“Darling, what is it?” Mama’s brown eyes searched for answers in mine. I could not hide from her. She knew me, knew my heart. “Have you had a fight with your sister?”
“No, Mama.” It was just like her to guess that to be the reason. Delphia and I had squabbled often when we were children, but now we were as close as two sisters could be. Mama knew that a fight with her would devastate me.
She studied me for a long moment. I could not hide from her penetrating, knowing gaze. “Tell me, child, what ails you. Please, darling. It will help to tell your mother. No one understands like your mother.” A flicker of sadness crossed her face. After all this time, she still missed her own mother.
“It’s my heart, Mama. Broken into bits.” I sobbed into my lace handkerchief.
“Oh dear.” She went still for a second before her expression turned from confusion to discernment. “Is it James?”
I nodded, too shattered to acknowledge it with words.
“You’re in love with him?” Mama asked.
“Yes. I’m so ashamed.” I buried my face in my hands.
“Does he know?”
I looked over at her. “Yes. I told him this afternoon. Like a little idiot.”
“My poor baby. Don’t worry, this will pass. I’m sure it will.” Mama gathered me against her chest and stroked my hair. “Didn’t he propose to her before he came out here?”
“Not completely. She and her father simply announced it in the newspaper column without asking him.”
She gasped. “Why would they do such a thing?”
“To make sure they get what they want,” I said. “It forced him to follow through or risk scandal for all of them.”
“Very tricky, indeed,” Mama said.
“Her father is an ambitious man. James says he’s climbed over a lot of men to get to where he is. The only thing that’s eluded him is respectability, which James and his family’s titles bring to them.”
“I doubt it,” Mama said. “People who care about such things will not care about James’s titles. Not here in America.”
“The world James has told me about—this old and new money and who is who—it’s not anything we understand. Not here in the west. It must be awfully important for Mr. Masters to go to all this trouble.”
“Perhaps you’re right.” Her brows knitted together in worry.
“There was something in his eyes, Mama, that told me he might be able to love me someday if it weren’t for her.”
“Yes, she and her father have made it quite impossible for him to make his own choice. The announcement in the newspaper, the demand from his father—he hasn’t a chance, does he?” She said this matter-of-factly.
“None whatsoever,” I said, as if that weren’t obvious to my mother. We both understood the game the Masterses and James’s father were playing. He was the ball they batted back and forth, all of them wanting to win. The only one who wouldn’t win was our James.
Mama dabbed my cheeks, just as James had done earlier. “Too many tears for such beautiful eyes.” She folded the piece of lace into a square and set it on the windowsill. The seat cushions were new, soft and plump under me. One wall of my room had been wallpapered with a floral pattern of bright pink. White wainscoting underneath made the pink that much more vivid. A four-poster bed was the height of elegance. I’d loved the room when it had first been handed down to me after Fiona left. Now, however, it seemed like a prison I’d never leave. I would die here, an old maid who coveted another’s husband.
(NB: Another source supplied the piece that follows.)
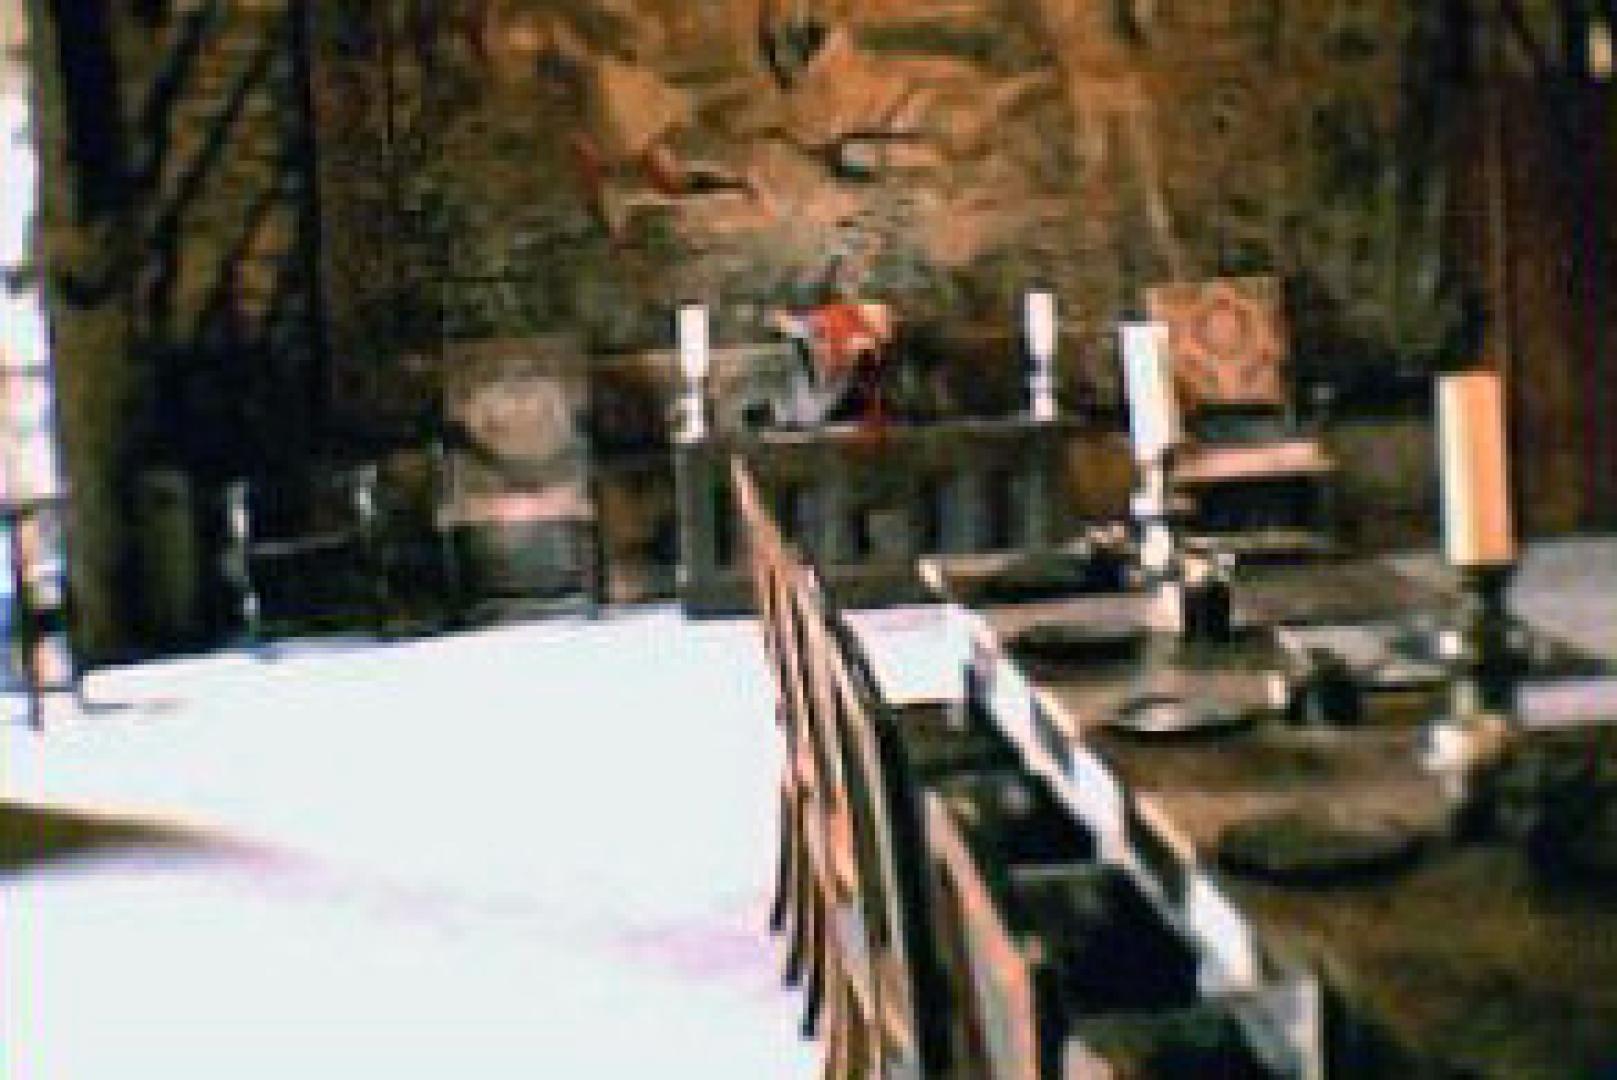 Chillingham-kastély, 5. kép

“Listen to me for a moment.” Mama placed her hand on my knee. Upon returning from our swim, I’d bathed and changed into a casual cotton dress to battle the heat of the afternoon. Usually I dressed for dinner in evening attire, but since I’d hidden in my room it had not been necessary. “If you and James are meant to be, something will make it possible for you to be together.”
“But it’s impossible.”
“If love is true, God makes the pathways possible. Don’t lose faith, dearest. Keep writing. That’s the most important thing for you to do. Pour your heart into those words on the page. Can you do this? If not for yourself, for me?”
“Why do you ask that of me?” I was genuinely curious. Did she truly think writing could save me?
“Because when we do the work we’re meant to do, other things in our life fall into the exact place they should be. Our only job is to stay faithful to God and ourselves.” She smiled her gentle smile, crinkling the fine lines at her eyes into crepe paper. “And to our mothers, who know us almost as well as God does.”
“I’ll do my very best, Mama. For you.”
She gestured toward my typewriter. The last page I’d written was still in there, waiting for a final sentence or two. “Right there. That is as much your destiny as anything or anyone will ever be. Stay true to that, and the right road will open up before you.”